Consumer Fraud

Whistleblowers key in the fight against fraud

Whistleblowers have become one of the federal government’s most valuable tools in its ongoing efforts to crack down on corporate wrongdoing and recover money lost to overbilling and other fraudulent activities.

Healthcare is one industry that is particularly rampant with financial fraud, and it’s fallen at the center of recent bipartisan efforts in Washington to fight back. A congressional coalition beefed up the False Claims Act in 2009, making it easier for the government to use the law. Additionally, the Obama Administration has called for better fraud-busting health care laws and a bigger budget to use them effectively.

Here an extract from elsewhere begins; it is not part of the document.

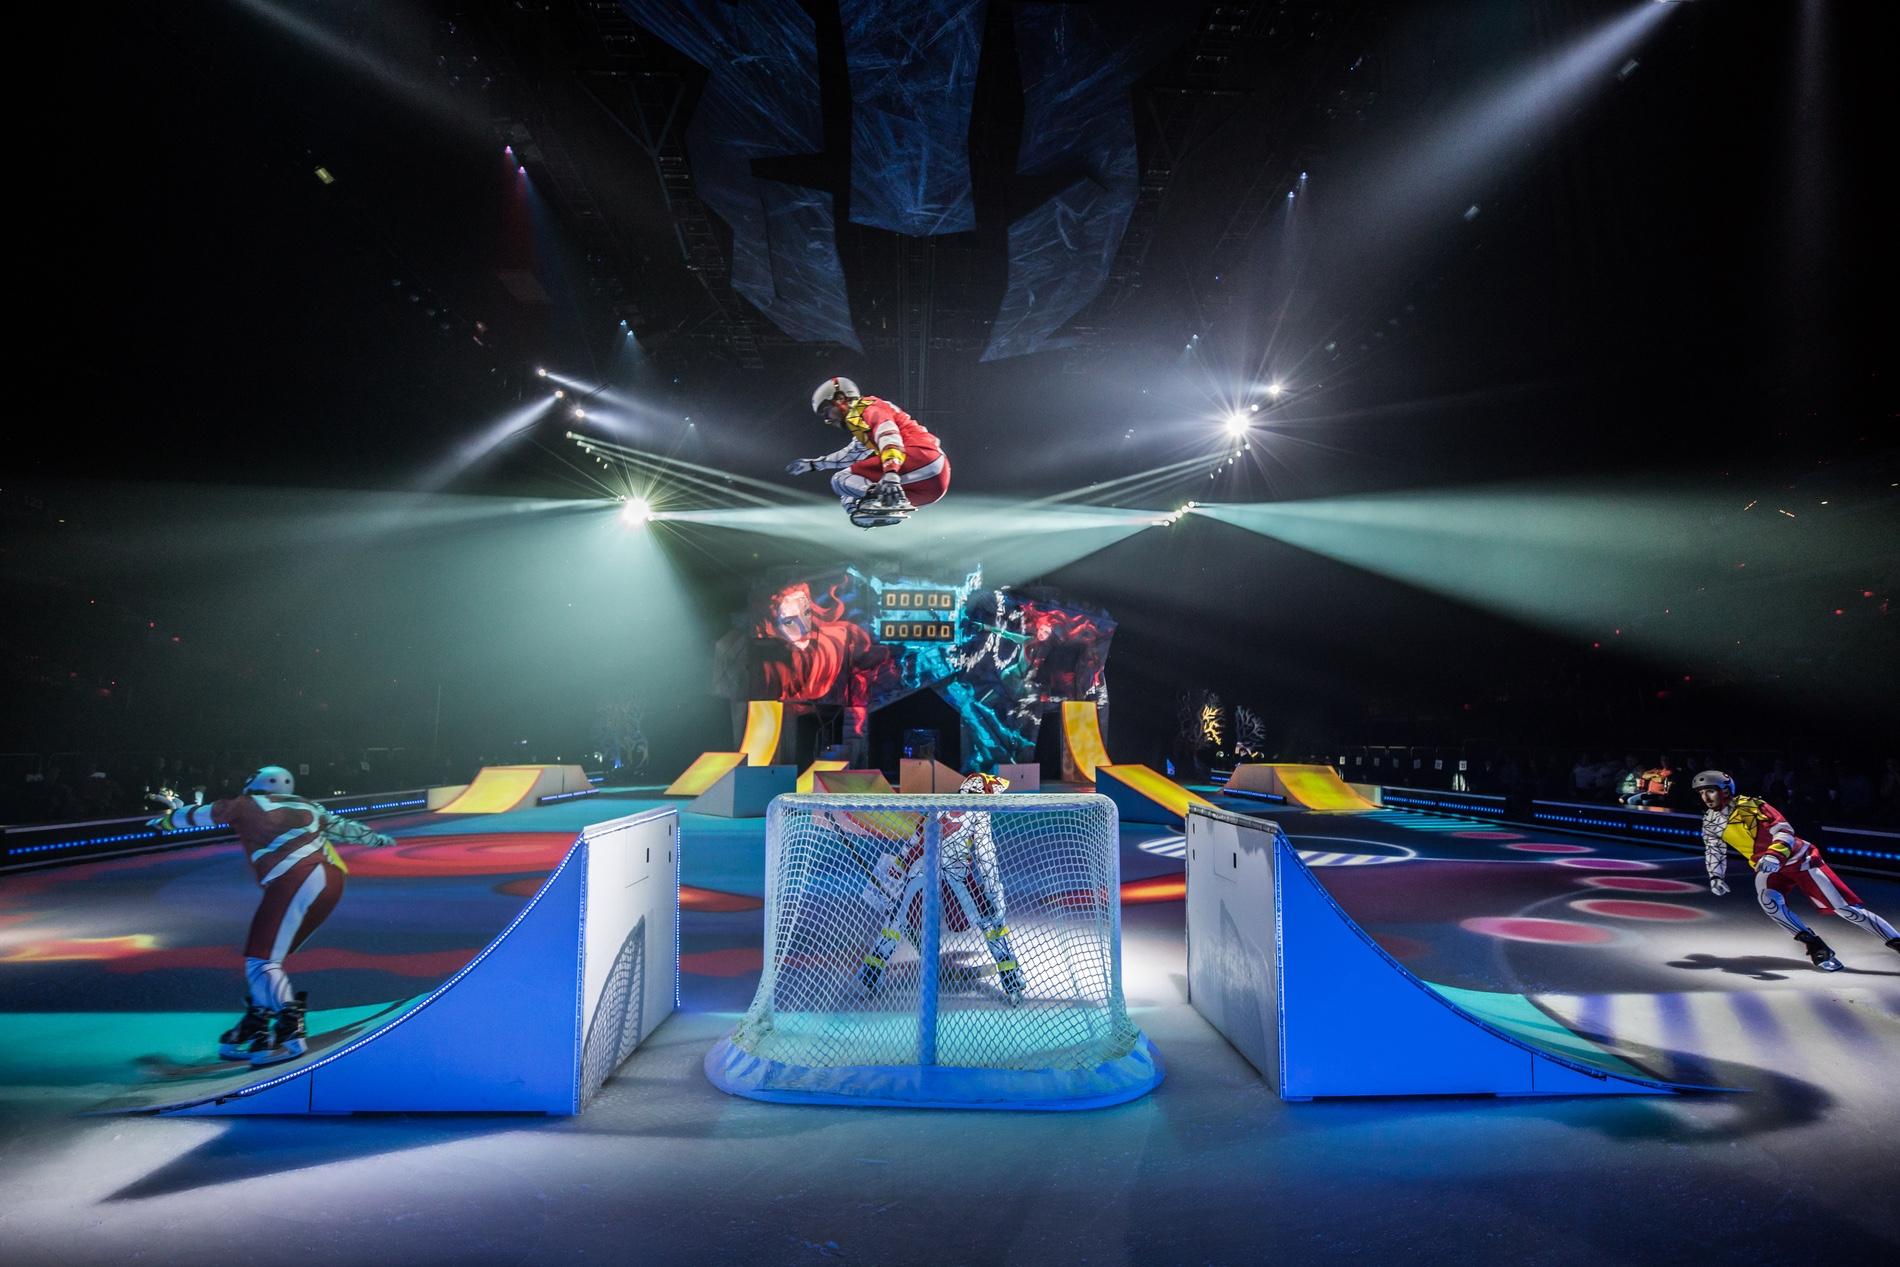 New Tucson 2018 >> Cirque du Soleil Crystal Review and Tour Dates – VIE Magazine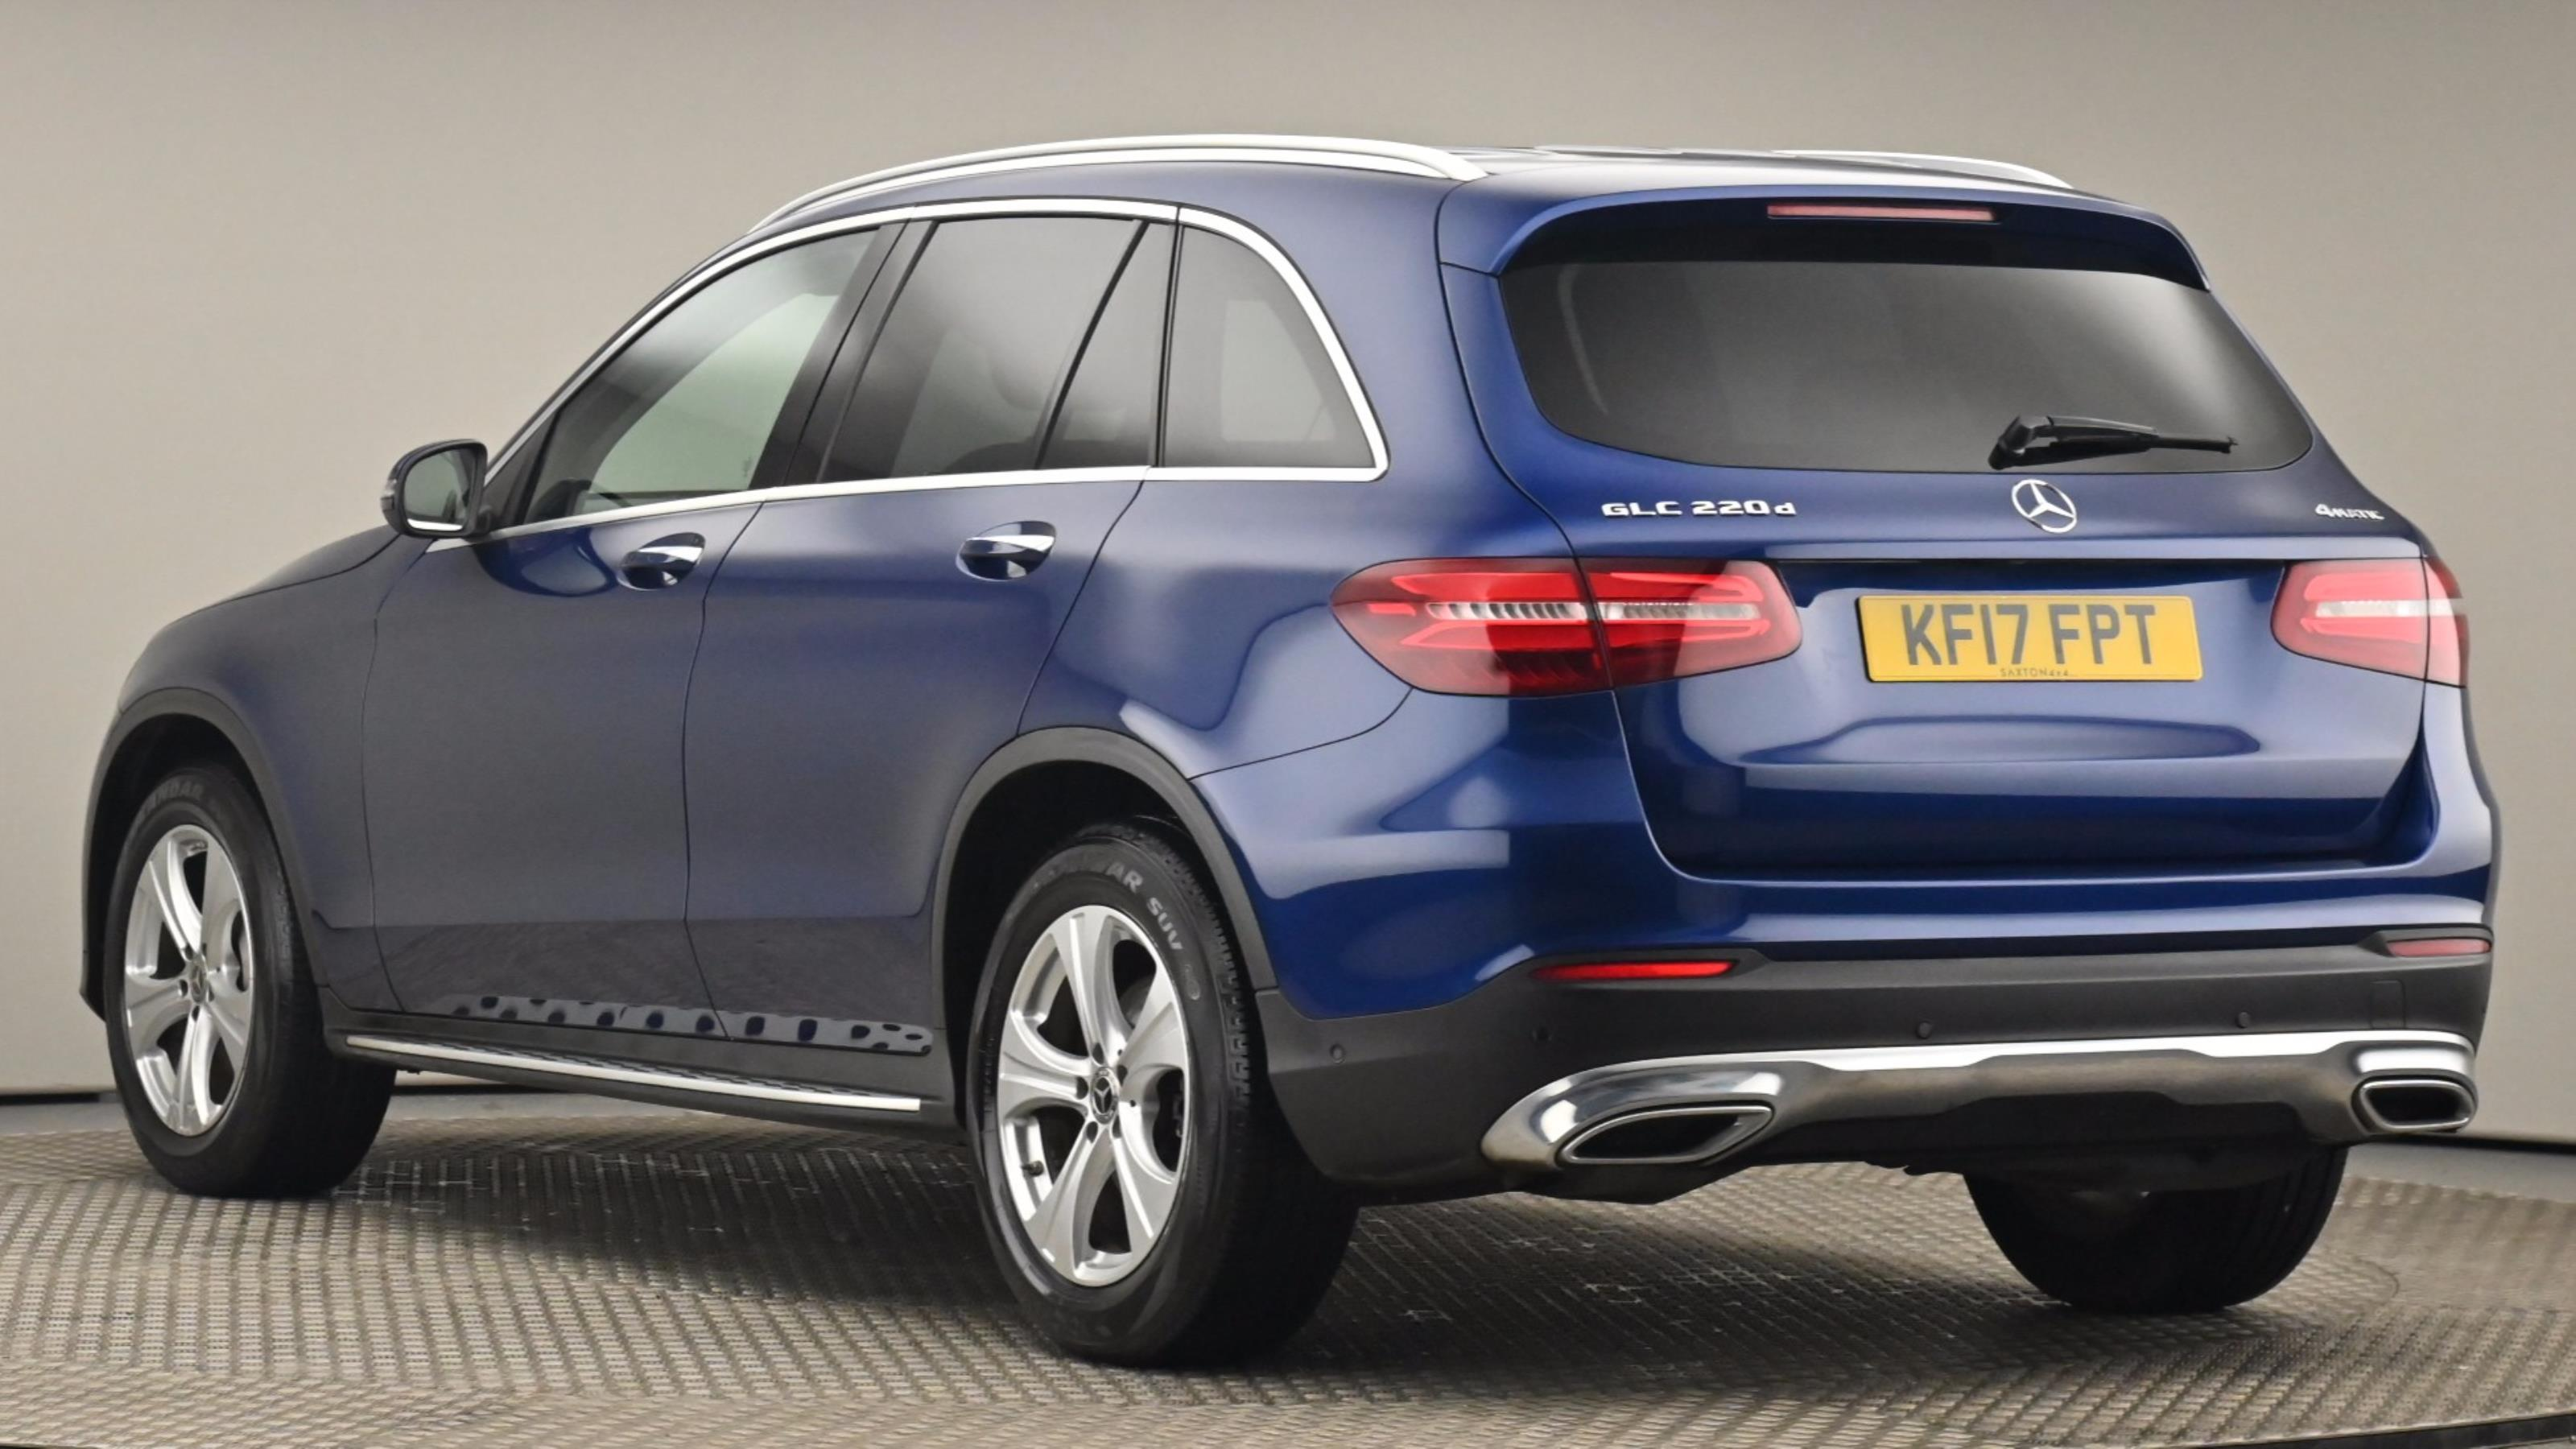 Used 2017 Mercedes-Benz GLC COUPE GLC 220d 4Matic Sport Premium Plus 5dr 9G-Tronic BLUE at Saxton4x4

Tony West, an assistant attorney general in the U.S. Justice Department’s civil division, told USA Today that this strategy, which involves better protections for corporate whistle-blowers, is a good one; for every dollar spent fighting fraud, the government recovers $7 – up from $5 per $1 spent just three years ago.

The Justice Department has been able to reclaim $16 billion in federal health care cases using whistleblowers, and nearly 40 percent of that sum has been recovered since 2009, USA Today reports. Last year, the federal government “broke all records,” recovering nearly $2.3 billion “in whistle-blower settlements and judgments,” according to USA Today. This success can be attributed to whistleblowers, according to Mr. West, which he said the government has started using “very, very aggressively.”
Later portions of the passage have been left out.